Mein Spanisch war genauso katastrophal...
Als ich dann auf meine erste Milonga im "Club Akarense" ging, war ich aufgeregt, ahnungslos und neugierig!
Es stellte sich heraus, dass alles ganz anders war, als ich es erwartet hatte und dass ich in der ganzen Nacht nicht einen einzigen Tanz machte, weil ich mich niemals getraut hätte, als ich diese absolut homogene Masse an gleichmäßig tanzenden (im Wesentlichen alten) Menschen sah.
Meine damalige Metapher erinnere ich noch genau: Wie ein Lavastrom. Langsam, mit großer Intensität und unaufhaltbar.
Niemand überholte, kein einziger Boleo, kein Gancho, selbstverständlich keine Sprünge!
Nur engste Verschmelzung in Einheit mit dem Partner, der Musik und sogar mit den andern Tanzpaaren!

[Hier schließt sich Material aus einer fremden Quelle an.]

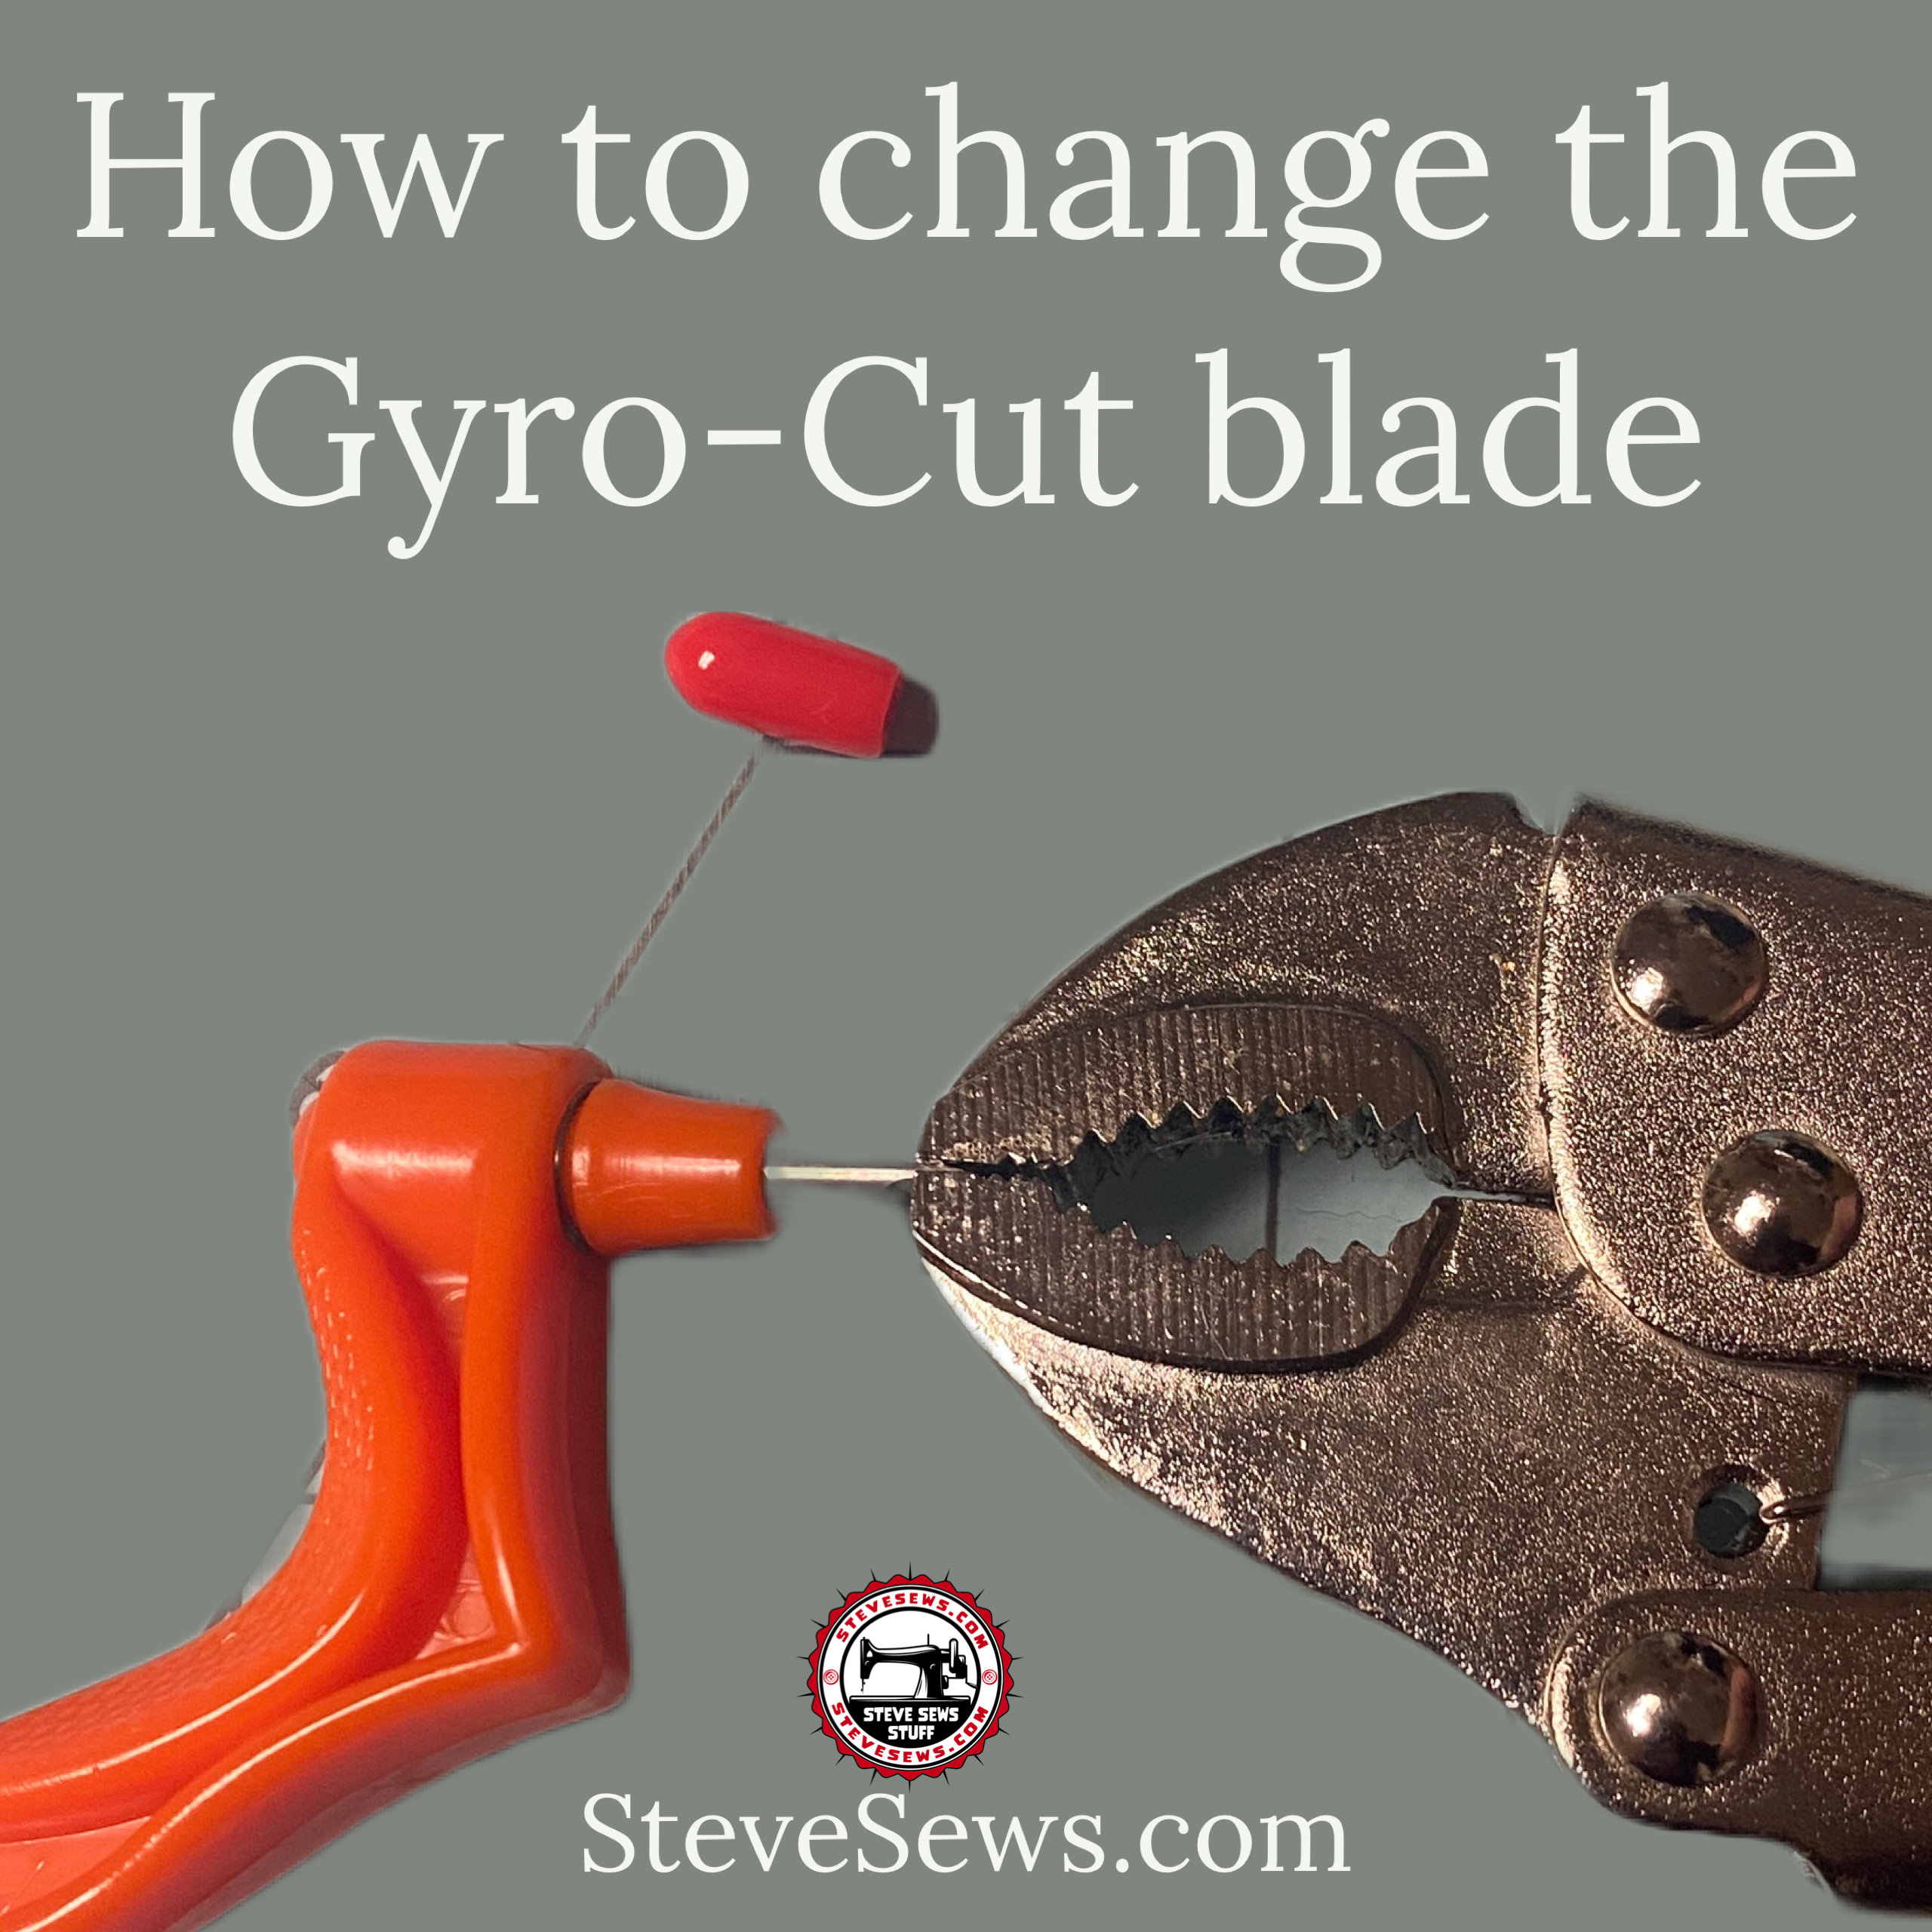 Introducing the amazing Gyro-Cut Pro!

So kam es mir vor...
Ich war gemeinsam mit einer größeren Gruppe von Freunden und Bekannten, die später Freunde wurden, dort hin gefahren.
Einige Ihrer Namen waren bereits, andere wurden später berühmt:
Graciela "La Negra" González, Gustavo Naveira (der mich bereits auf einem WS in Hamburg unterrichtet hatte) Julio Balmaceda (damals noch ohne Corina), Roberto Herrera und Vanina Bilious (das damalige Tanzpaar von Osvaldo Pugliese) Patricia Lamberti (meine Partnerin in Argentinien) Amira Cámpora (meine spätere Tanzpartnerin in Europa) Pedro Teté Rusconi und Veronica Alvarenga mit ihren damaligen Mann Walter Cespi, heute mein "argentinischer Bruder".

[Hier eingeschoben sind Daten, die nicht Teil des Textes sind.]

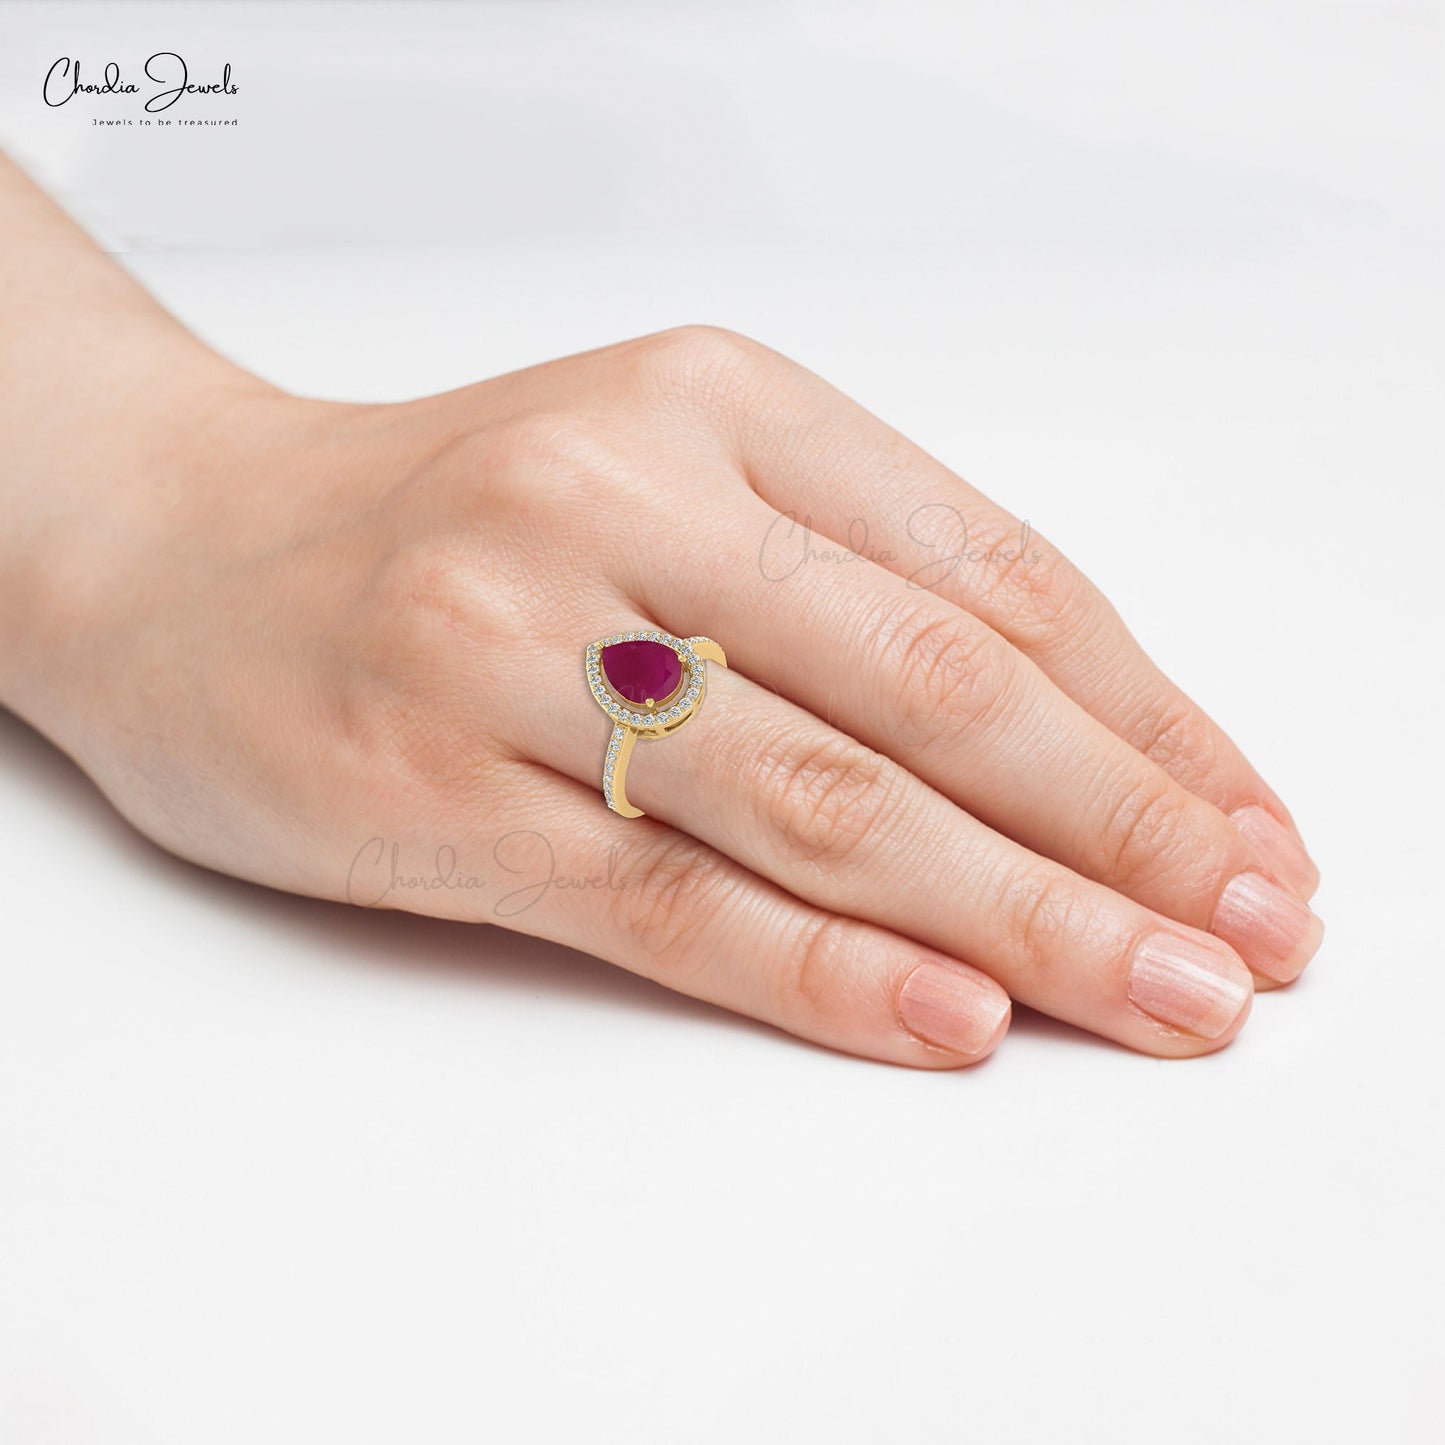 8X6MM Pear Cut Ruby Halo Diamond Engagement Ring

So sehr sie mich auch animierten, ich weigerte mich aus gutem Grund zu tanzen!
Und mir wurden die ganze Nacht Paare gezeigt, auf die ich achten sollte, weil sie so wundervoll tanzten.
Nur, ich verstand gar nicht WS so tolles daran sein sollte! Ein gewisser "Portalea" sollte ein absolutes Genie sein, welcher so unfassbar gut führe, dass die Frauen für eine Tanda mit ihm zu sterben bereit wären.
Ich hab ihm zugeschaut und mich gefragt, was der denn so besonderes habe und warum er es nicht zeige...
Ich sah einen ziemlich korpulenten Mann der, in einen hellen Anzug gekleidet, sehr, nein seeeeehr langsam Folgendes nach Di'Sarli tanzte: Ochos vor- und rückwärts und ruhige, sichere Schritte vorwärts, seit- und quasi niemals rückwärts.
Sonst nichts.
Allerdings hielt er sehr oft scheinbar bewegungslos inne, indem er die Frau ganz sanft in ihrer Achse drehte um danach weiter zu gehen.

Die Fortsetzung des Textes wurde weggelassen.